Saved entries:
============
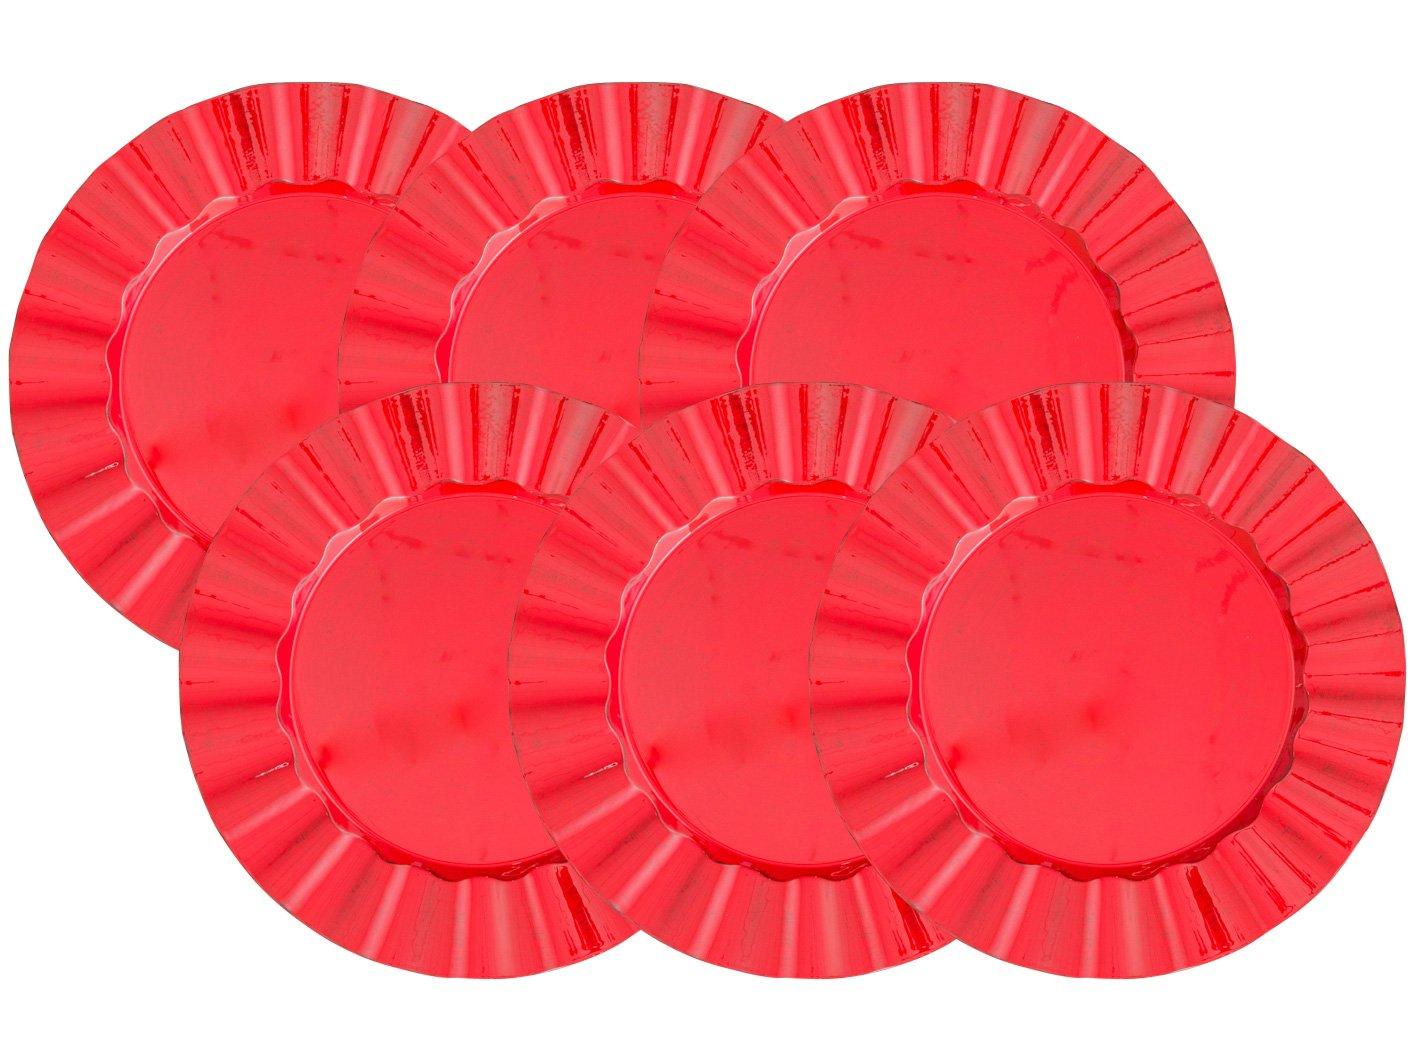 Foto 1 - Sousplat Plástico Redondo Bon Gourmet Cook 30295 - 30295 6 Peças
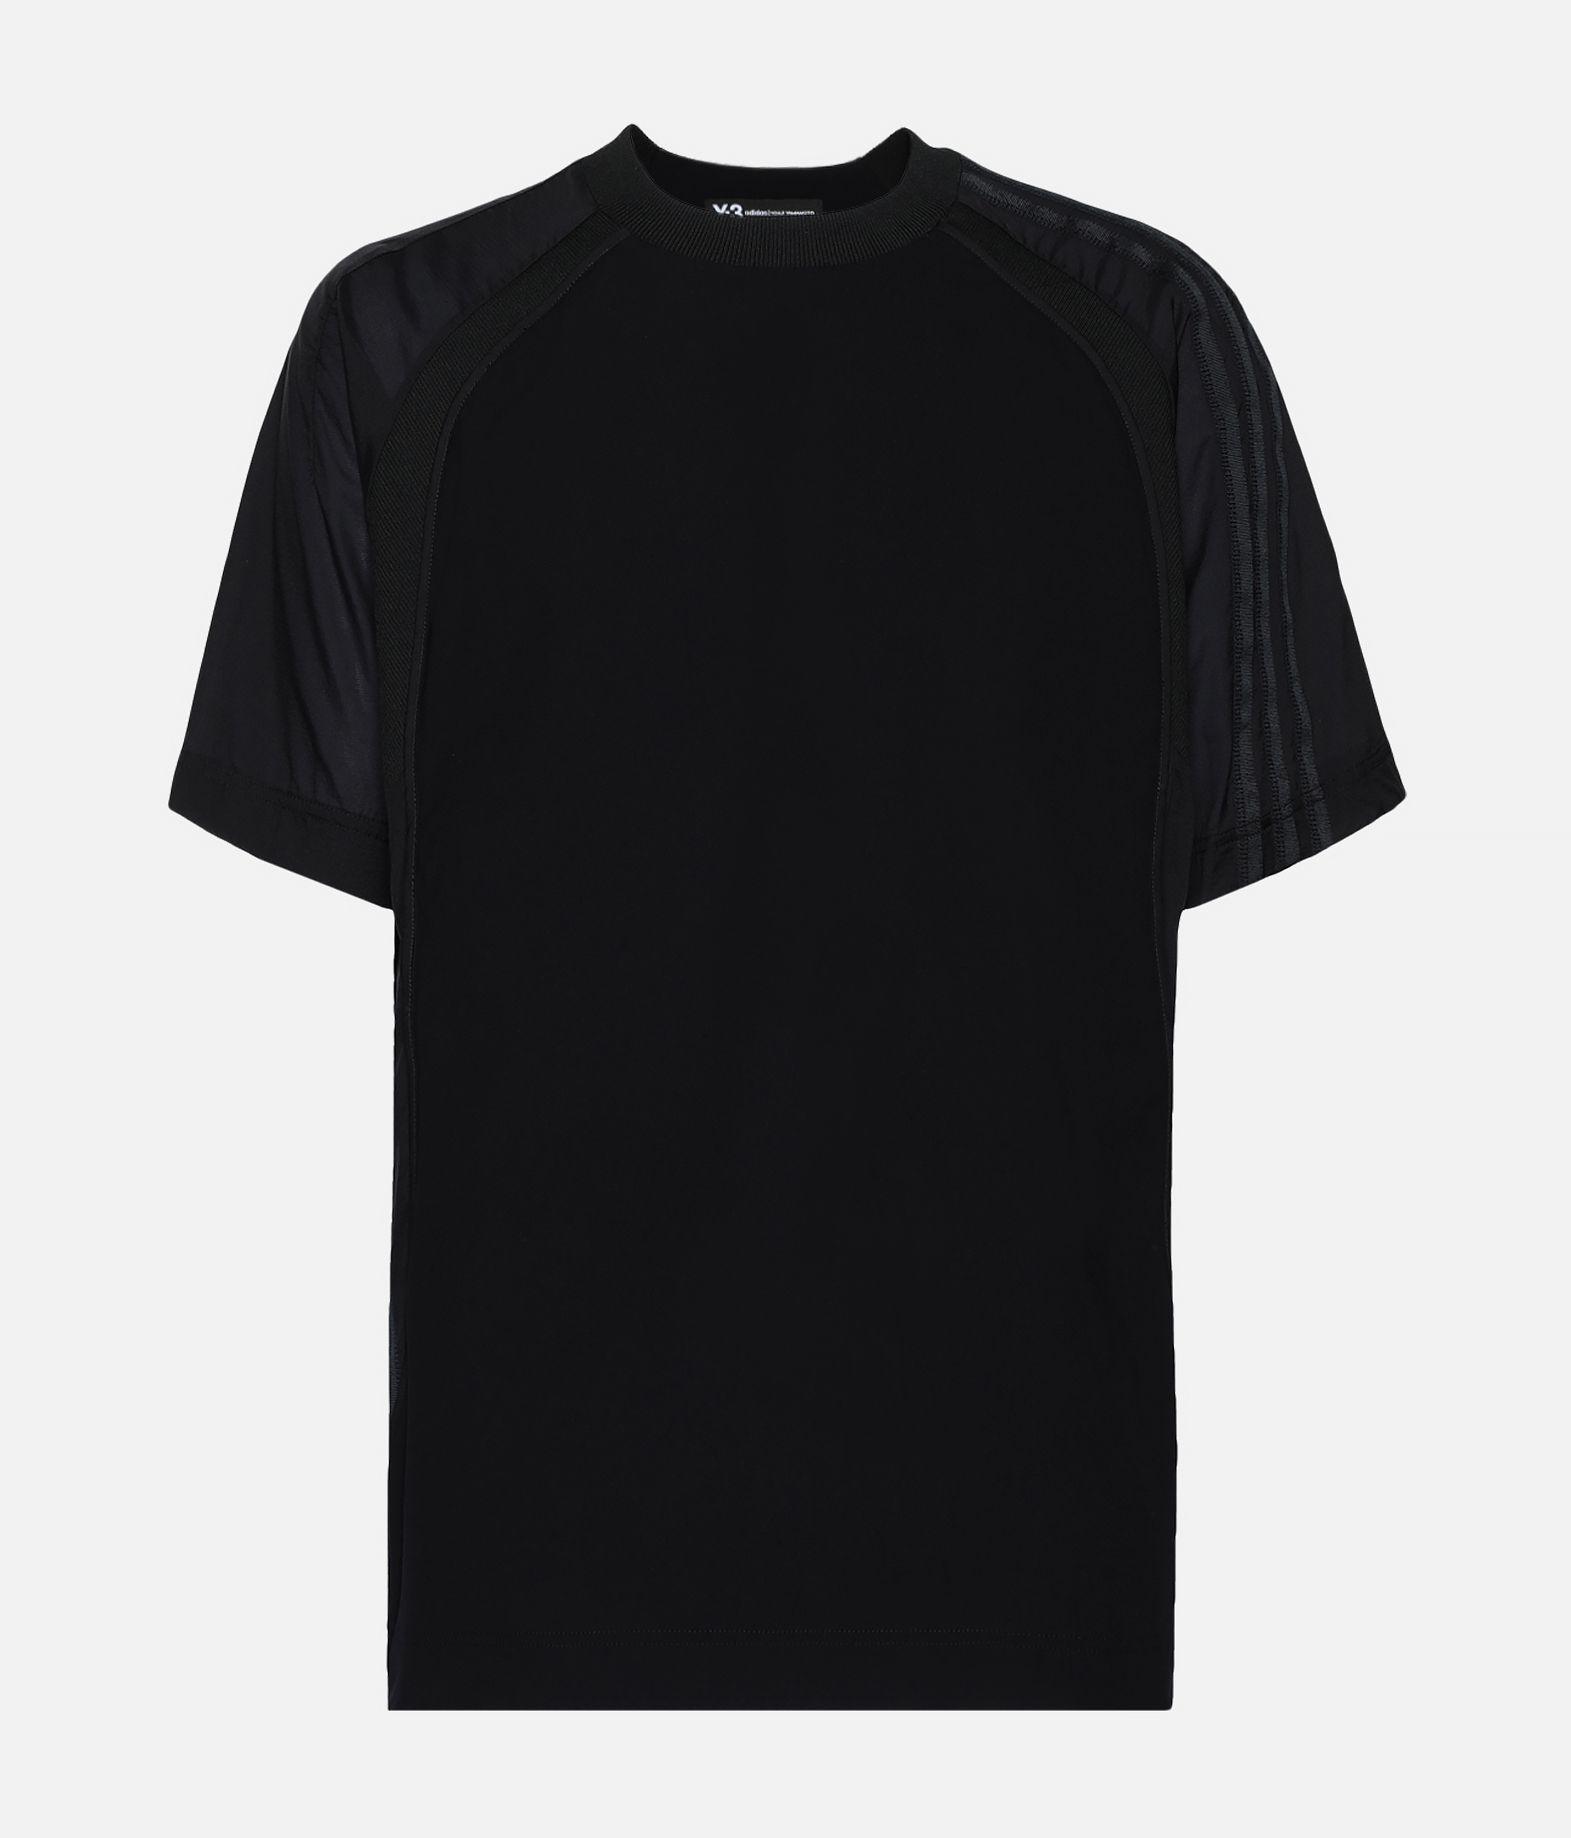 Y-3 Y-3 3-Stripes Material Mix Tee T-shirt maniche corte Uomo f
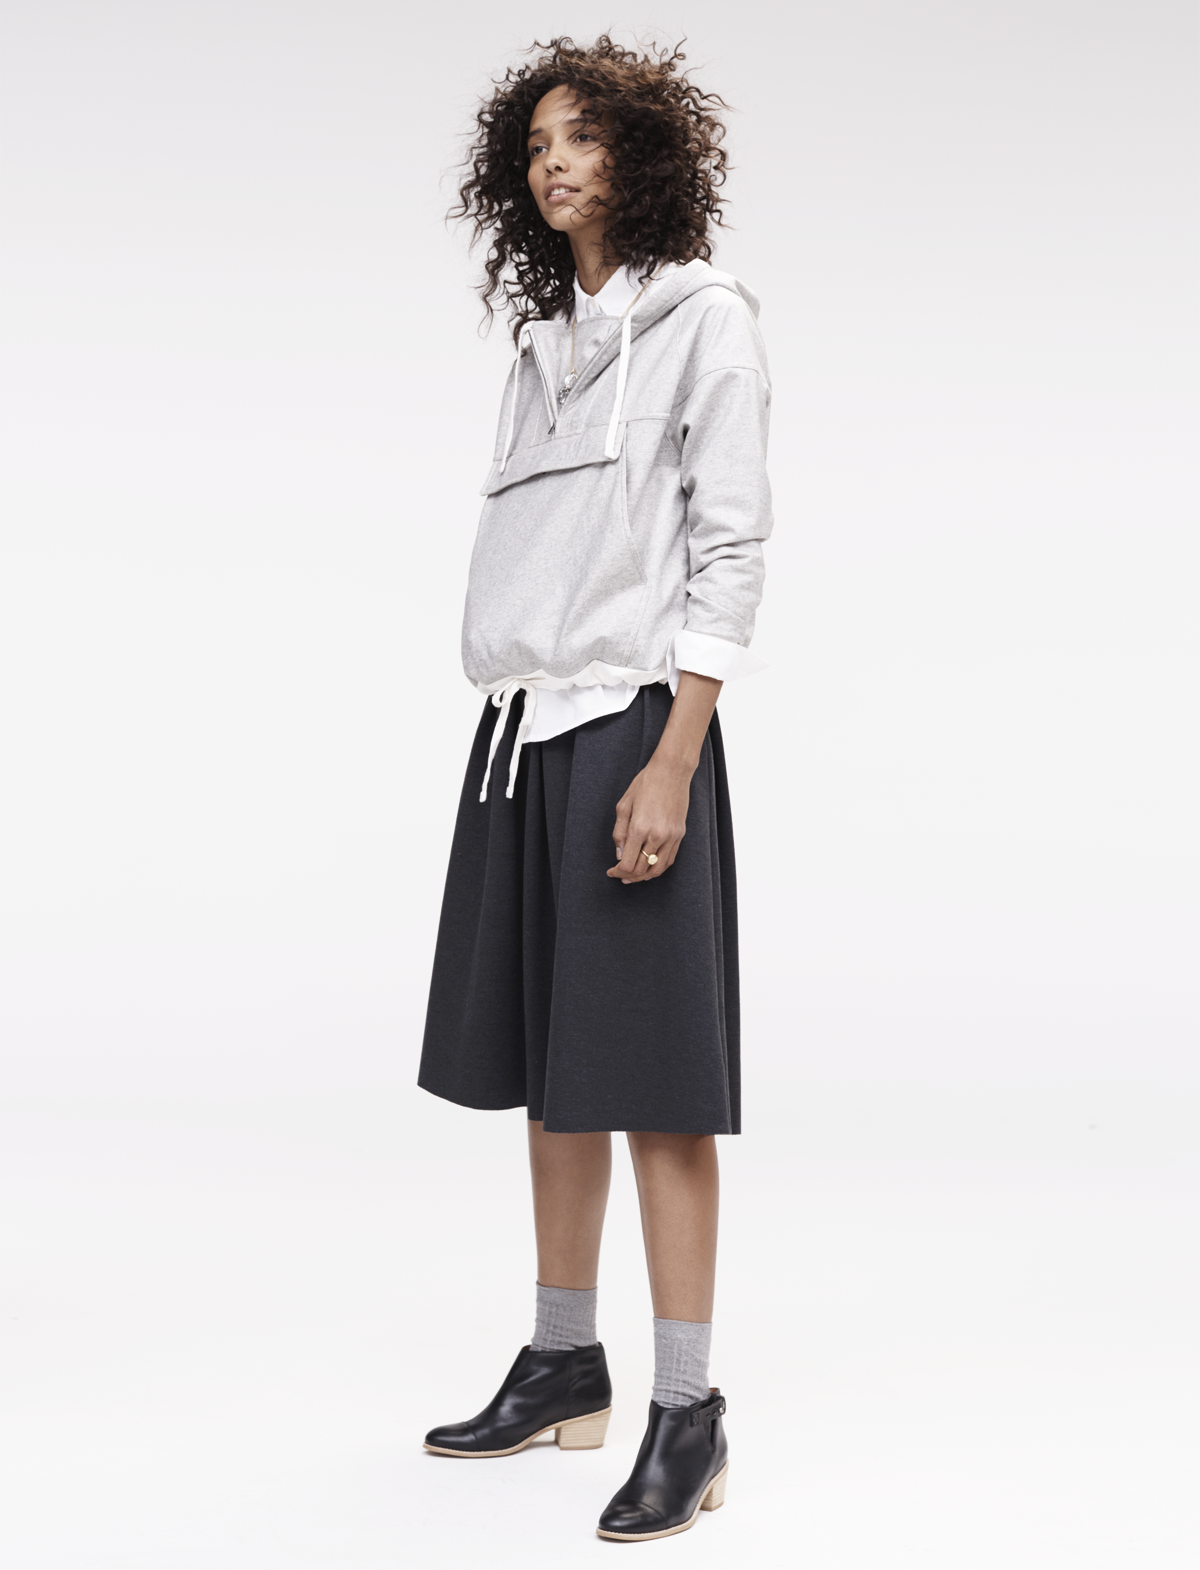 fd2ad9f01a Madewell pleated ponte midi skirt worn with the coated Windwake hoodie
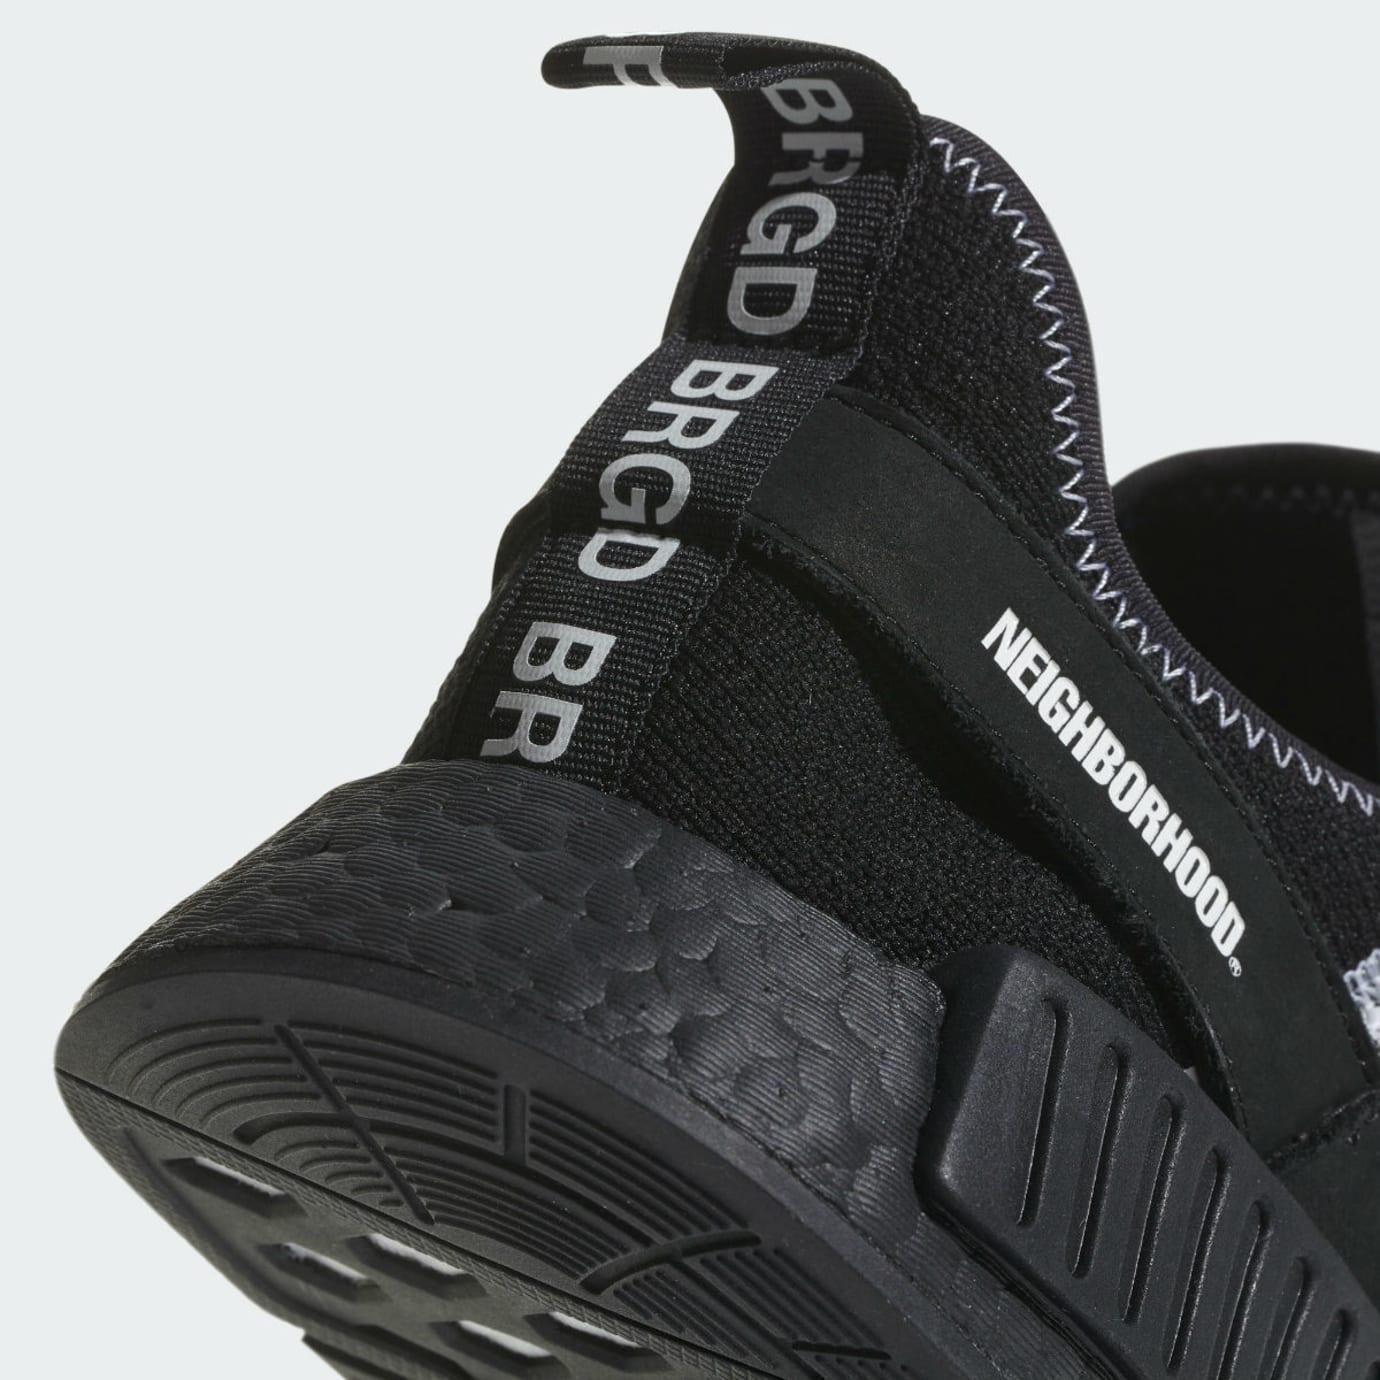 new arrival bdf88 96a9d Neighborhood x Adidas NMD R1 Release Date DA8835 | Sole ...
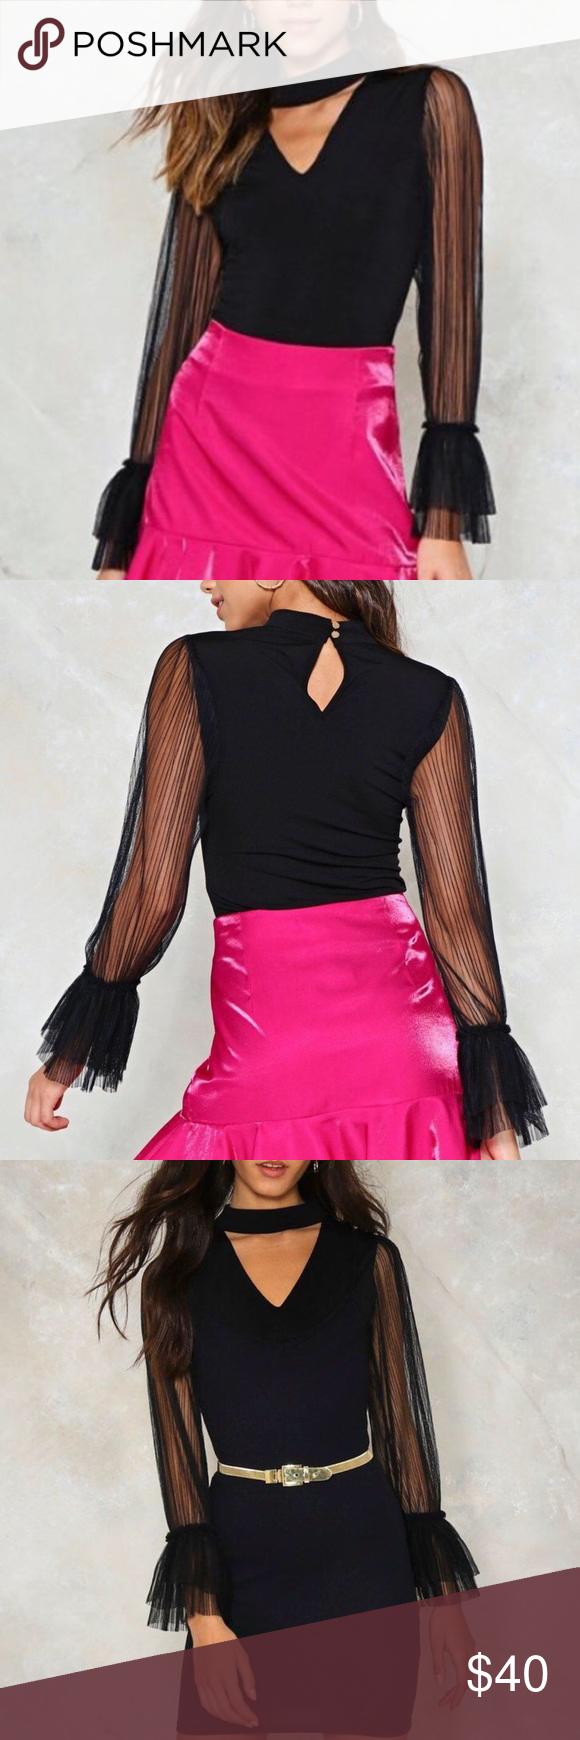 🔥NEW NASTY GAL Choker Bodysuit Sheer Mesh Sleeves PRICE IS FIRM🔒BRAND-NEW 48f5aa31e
============
DIRECTIONS ::
Look above for the line containing "fd2ad9f01a Madewell pleated", then retype it and each line after it to the end of the records, exactly and without pictures.

EXERCISE SOLUTION ::
 fd2ad9f01a Madewell pleated ponte midi skirt worn with the coated Windwake hoodie
 new arrival bdf88 96a9d Neighborhood x Adidas NMD R1 Release Date DA8835 | Sole ...
 🔥NEW NASTY GAL Choker Bodysuit Sheer Mesh Sleeves PRICE IS FIRM🔒BRAND-NEW 48f5aa31e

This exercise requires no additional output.